Because the examined material structures are significantly different in terms of the cell shape, the sampling procedure of their Brillouin zones must be handled appropriately. For each structure, a Monkhorst-Pack k-point mesh51 of a given spacing parameter hk in the reciprocal space was used. For the geometry optimization and dielectric constant calculations, hk=0.25 Å−1 while the band gap calculations have been performed on a finer Γ-centered mesh with hk=0.20 Å−1. We further set the lower limit for the Monkhorst-Pack mesh dimensionality, that is, the number of grid points along any reciprocal axis is no less than 3, regardless of how short the reciprocal lattice dimension along this axis is.

During the relaxation step, we optimized both the cell and the atomic degrees of freedom of the materials structures until atomic forces are smaller than 0.01 eV Å−1. Calculations for band gap Eg was then carried out on top of the equilibrium structures. Because Eg is typically underestimated with a GGA XC functional like rPW86 (ref. 52), this important physical property has also been calculated with the hybrid Heyd-Scuseria-Ernzerhof (HSE06) XC functional53,54 with an expectation that the calculated result would become much closer to the true material band gap. Both EgGGA and EgHSE06, the band gap calculated at the GGA-rPW86 and HSE06 levels of theory, are provided in all the entries of the dataset (see File format for more details). Finally, the dielectric constant ε of these structures was calculated within the DFPT formalism as implemented in vasp package. Calculations of this type involve the determination of the lattice vibrational spectra at Γ, the center of the Brillouin zone. This information is also used to compute the IR spectra of some structures for the purpose of validation.

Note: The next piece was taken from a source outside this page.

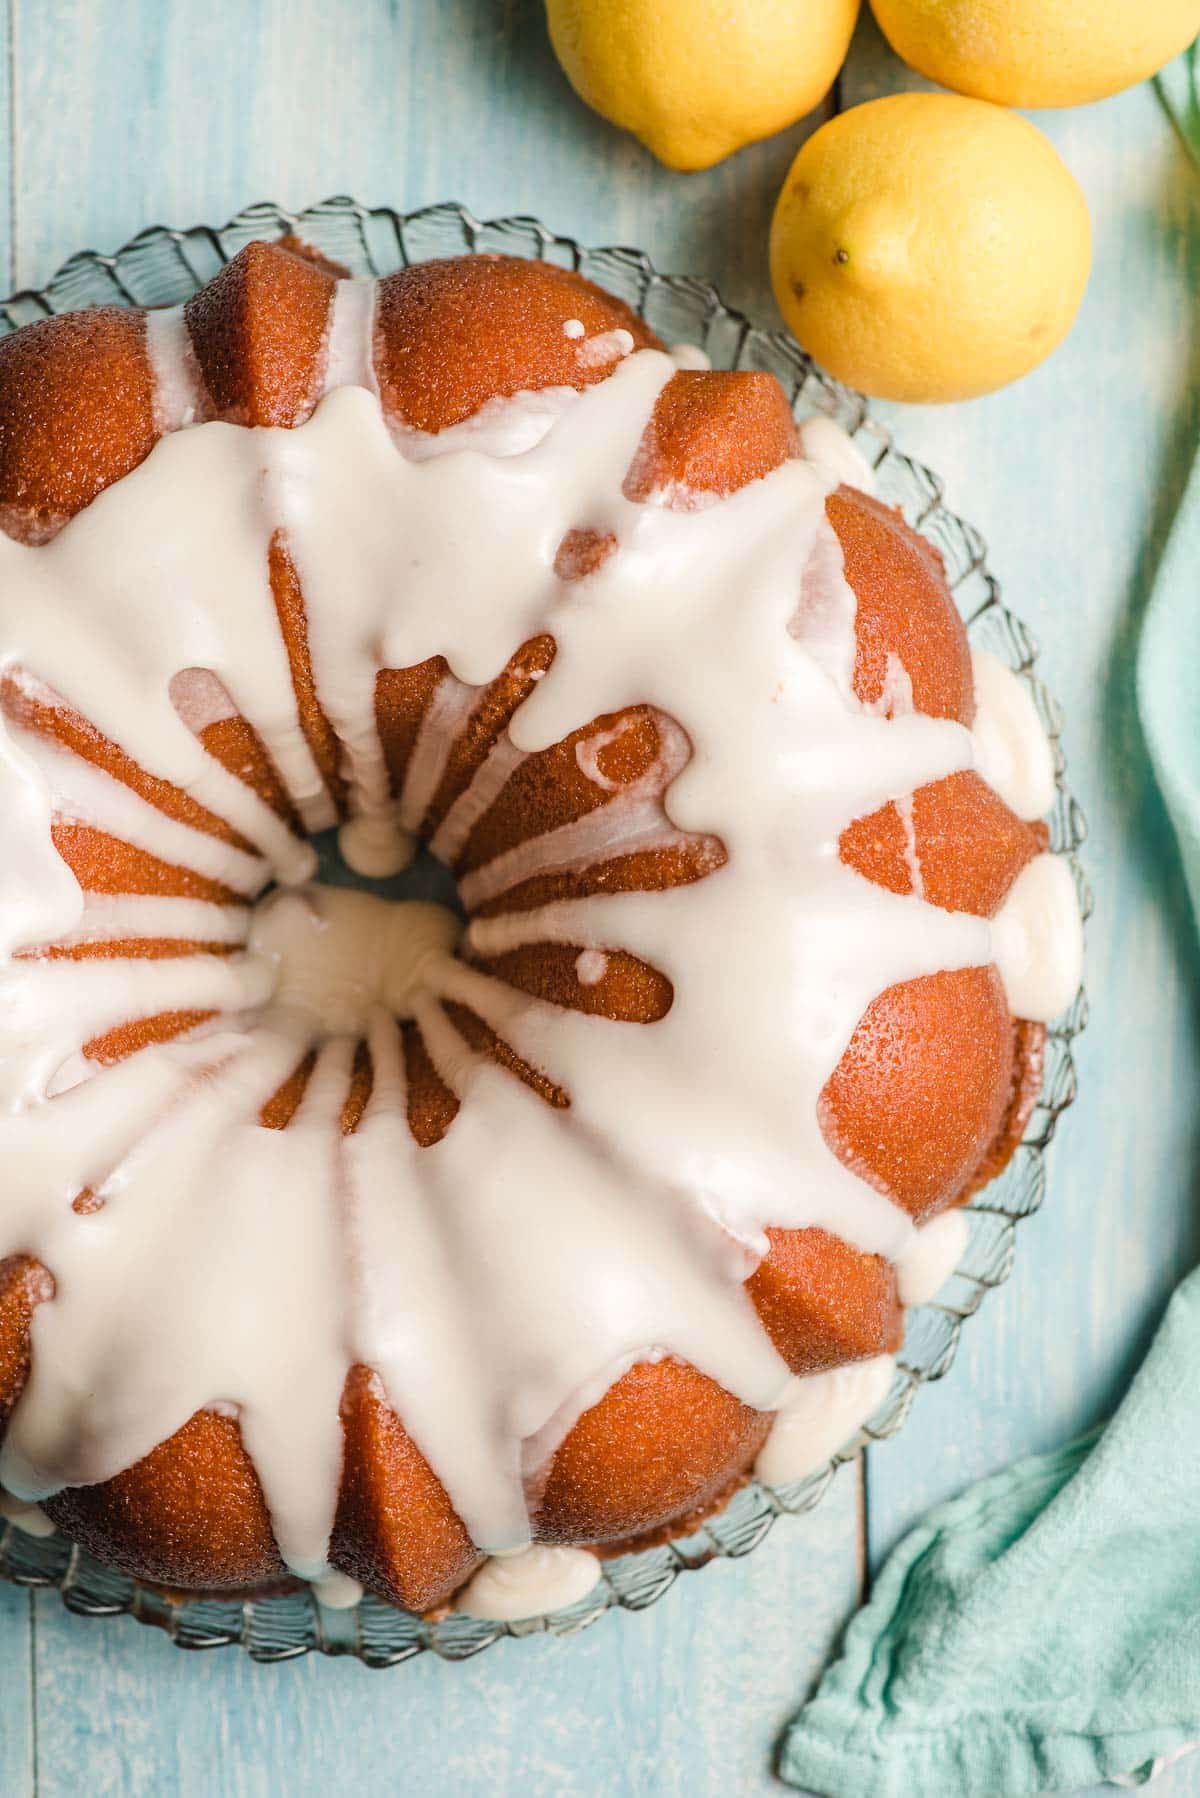 Icing cascading down the sides of a leon bundt cake.

Given that the sources of the polymer dataset reported herein are diversified, any clear duplicate and/or redundancy should be identified and removed. Because the preliminary filtering step was performed only on subset 2 based on their DFT energy and band gap estimated during the structure prediction runs with a limited accuracy, an additional filtering step was performed on the whole dataset. Within this step, all cases with the same chemical composition but different by less than 0.1 eV in Eg, less than 5 meV per atom in εat, and less than 0.1 in both εelec and εion, are clustered. At this point, the number of clustered points is not large, and all of them were inspected visually, keeping only distinct materials.

Data Records

The complete dataset of 1,073 polymers and related materials can be downloaded as a tarball from Dryad Repository (Data Citation 1) or can be accessed via (all the records with ID from 0001 to 1073). All 4,292 DFT runs of the entire dataset (for each structure, there are 4 runs, including relax, dielectric, GGA band gap, and HSE06 band gap) are hosted by NoMaD Repository (Data Citation 2).

File format

All the information reported in the dataset for a given material is stored in a file, named as 0001.cif, where a cardinal number (0001 in this example) is used for the identification of the entry in the dataset. The first part of a file of this type is devoted to the optimized structure in the standard cif format which is compatible with majority of visualization software. Other information, including the calculated properties, is provided as the comments lines in the second part of the file as follow

# Source: VSharma_etal:NatCommun.5.4845(2014)

# Class: organic_polymer_crystal

# Label: Polyimide

# Structure prediction method used: USPEX

# Number of atoms: 32

# Number of atom types: 4

# Atom types: C H O N

# Dielectric constant, electronic: 3.71475E+00

# Dielectric constant, ionic: 1.54812E+00

# Dielectric constant, total: 5.26287E+00

# Band gap at the GGA level (eV): 2.05350E+00

# Band gap at the HSE06 level (eV): 3.30140E+00

# Atomization energy (eV/atom): -6.46371E+00

# Volume of the unit cell (A^3): 2.79303E+02

While most of the keywords are clear, we used Source to provide the origin of the material structure and Class to refer to the class of materials which can either be ‘‘organic polymer crystal’’, ‘‘organometallic polymer crystal’’, ‘‘organic molecular crystal’’, or ‘‘organometallic molecular crystal’’. Keyword Label was used to provide more detailed information on the material, which can be the common name of the material if it is available, the ID of the record obtained from COD, or the repeat unit of the polymer structure predicted.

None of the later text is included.